Running on stubborness and 4 hours of sleep, I realized I needed to step back a bit. If I wanted to integrate a terminal into this game engine, then it would stand to reason that path of least resistance would involve finding a terminal that was developed using the same windowing framework. Eureka! https://github.com/alacritty/alacritty I dove into the codebase trying to find some way to avoid writing more code, and it turns out that Alacritty has window embedding support. The downside is that the code was configured to only work on Linux. Solution? Throw it into a Docker container and download an X11 bridge for my MacBook. I just grossly simplified what took half a week to configure correctly. So now the state of the project is a Docker container that runs a game in Amethyst that starts up a window hosted by X11 which displays an Alacritty terminal. It doesn’t look impressive, but a lot of unknowns were knowned…

Creative

Since the days of ancient Greeks and likely before that, humans have been anthropomorphizing animals and forces of nature, perhaps as a result of the loneliness inherent in sentience.
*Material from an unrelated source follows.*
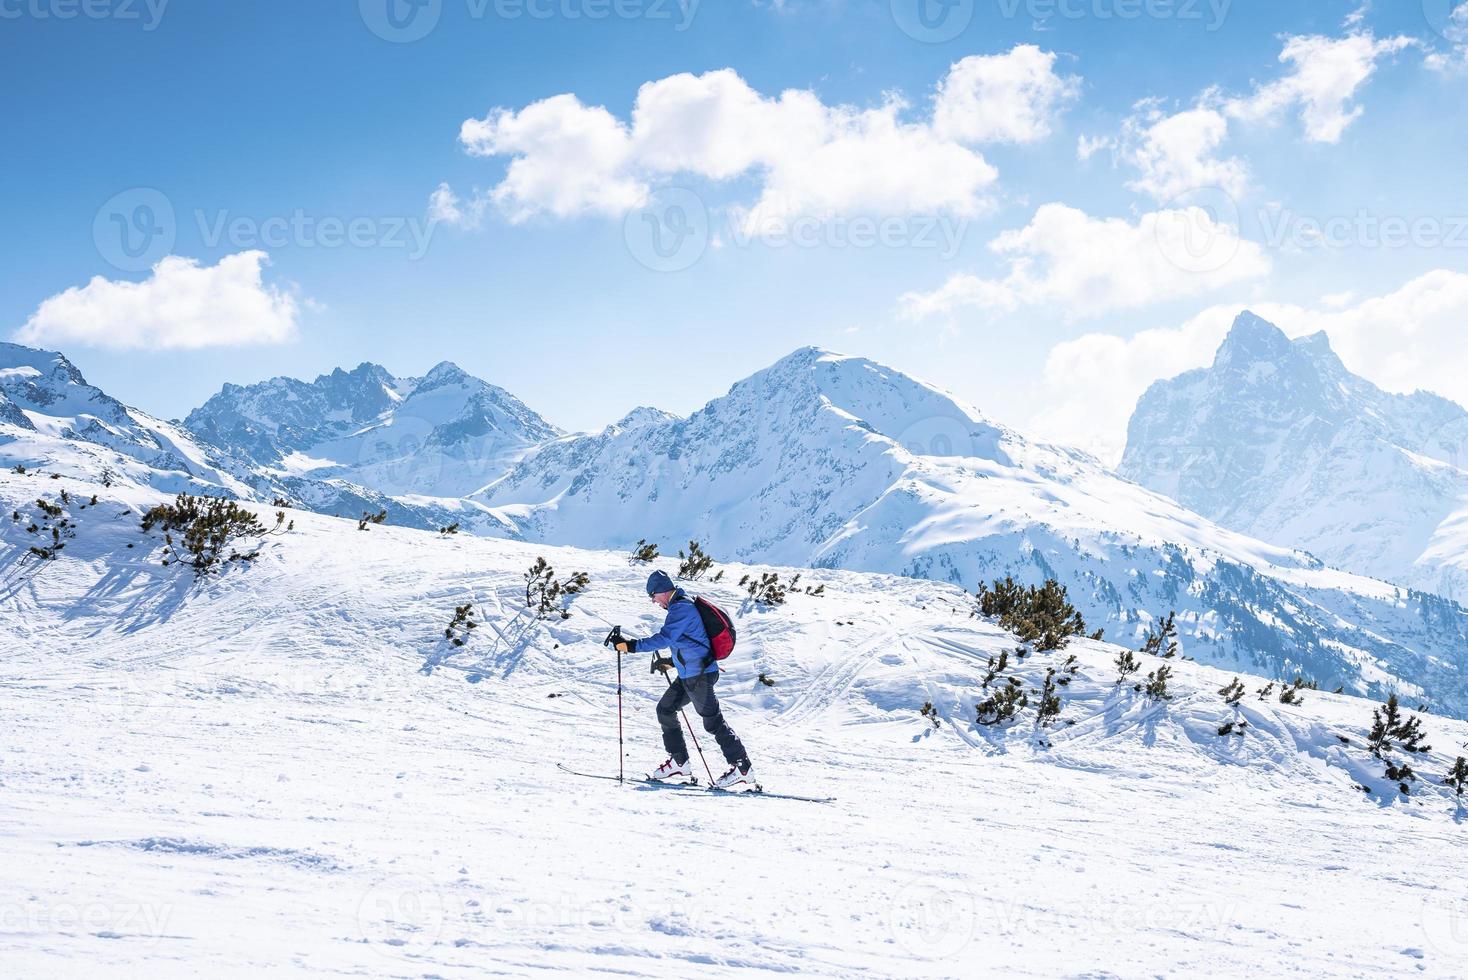 esquiador esquiando en un paisaje nevado contra la cordillera foto

Nowadays, degenerates have started anthropomorphized things that really have no business being anthropomorphized. I would like to partake in that degeneracy by anthropomorphizing programming languages and shipping them. Both Ruby and Rust have so much in common: both are 4 letter words that share 2, both are metal oxides, both are shades of red. And they have differences that I can use to craft characters that can serve as interesting meta-commentary about the different levels of programming in addition to shaping their personalities.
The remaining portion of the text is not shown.